Comme un ours en cage

Le flou total qui entoure la présidentielle de 2019 semble déteindre de façon très perceptible sur la classe politique, y compris celle gravitant autour du système, qui donne l’impression d’avoir perdu la boussole. La scène politique, ces derniers jours, est sens dessus dessous. On se tire dans les pattes, on s’échange des amabilités par presse interposée, parfois au sein d’un même camp, comme ce fut le cas entre les deux principaux partis de l’alliance présidentielle, mais, à la fin, on reprend contact pour tenter de démêler l’écheveau d’une indéchiffrable perspective politique. C’est que les acteurs politiques ne savent visiblement pas de quoi sera fait demain. Même ceux qui étaient, jusque-là, dans les secrets du palais affichent une mine déconfite, ne sachant dans quelle direction souffleront les vents.
Le silence du président de la République, alors qu’il est l’objet d’intenses sollicitations de la part de sa cour pour briguer un hypothétique cinquième mandat, intrigue au plus haut point ceux qui sont à la manœuvre de cette opération de charme.
L’appel du chef du MSP, Abderrezak Makri, à l’adresse de l’homme fort de l’armée, le chef d’état-major, Ahmed Gaïd Salah, pour garantir une transition démocratique, n’a fait, en réalité, qu’ajouter du trouble à l’insondable expectative dans laquelle patauge la classe politique dans son ensemble. Le temps est donc à la vigilance extrême et les acteurs ont montré qu’ils sont prêts à faire des concessions et à franchir le pas pour rencontrer même l’ennemi d’hier dans l’espoir de ne rien rater du moindre changement qui pourrait intervenir. Et ce brouillard, qui couvre telle une chape de plomb la scène politique, a même jeté un voile de suspicion à l’intérieur de certaines formations dont les instances se sont retrouvées contraintes d’agir d’une façon autonome, en contractant des alliances conjoncturelles et suscitant l’ire de leurs directions.

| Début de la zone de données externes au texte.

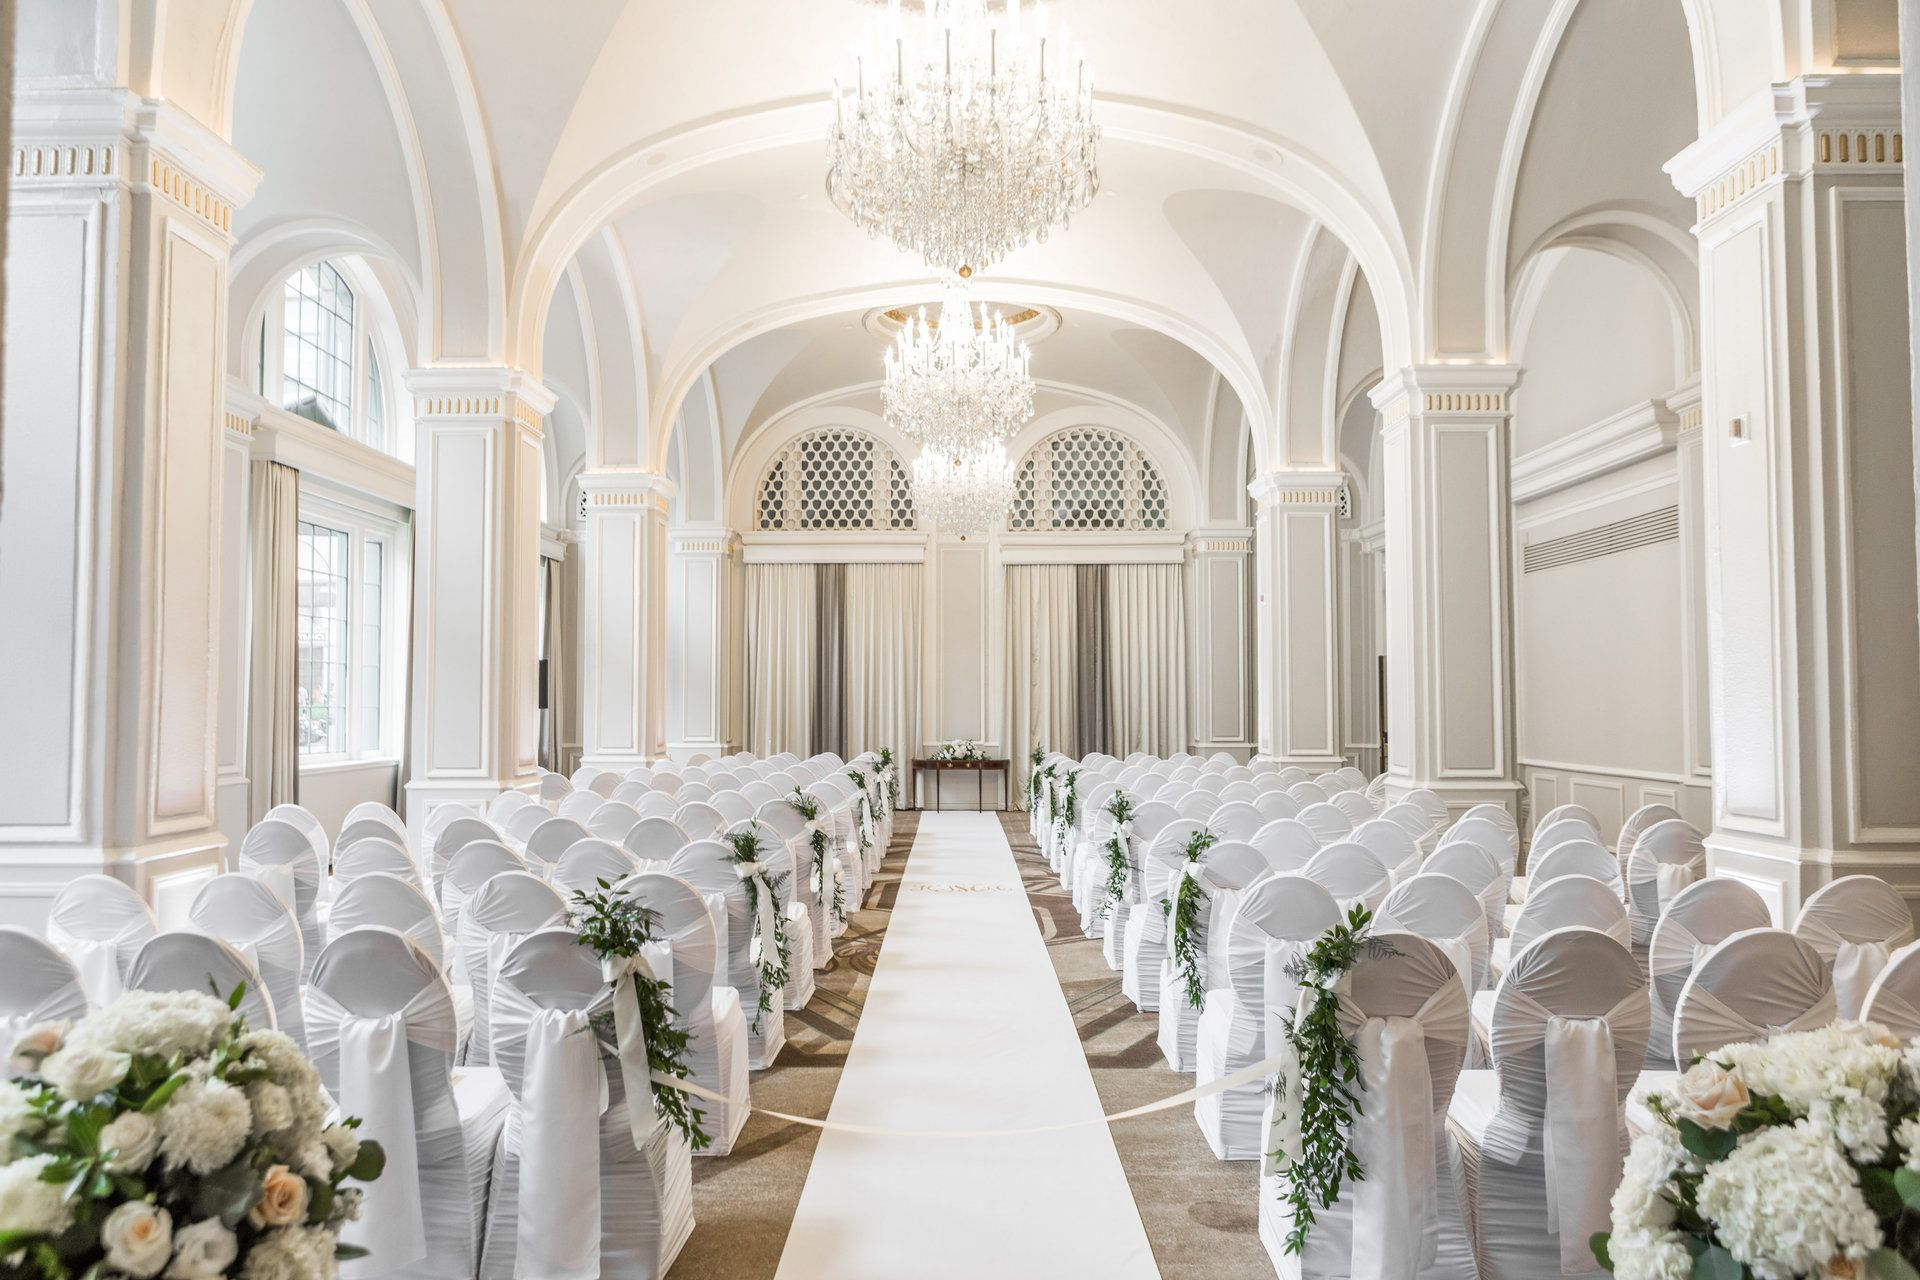 The Smarter Way to Wed | Indoor ceremony, Wedding ceremony ideas and ...

N’est-ce pas ce flou théâtral qui a fini de contraindre des partis aux positions diamétralement opposées, idéologiquement et politiquement, à se mettre autour d’une même table de discussion, dans une tentative, aussi bien pour les uns que pour les autres, de déceler chez son vis-à-vis un ou des indices qui désigneraient la direction du vent ? Et l’absence, à ce propos, d’éléments probants sur ce que réserve l’avenir au pays ne fait qu’acculer la classe politique dans une ennuyeuse et inconfortable position de wait and see.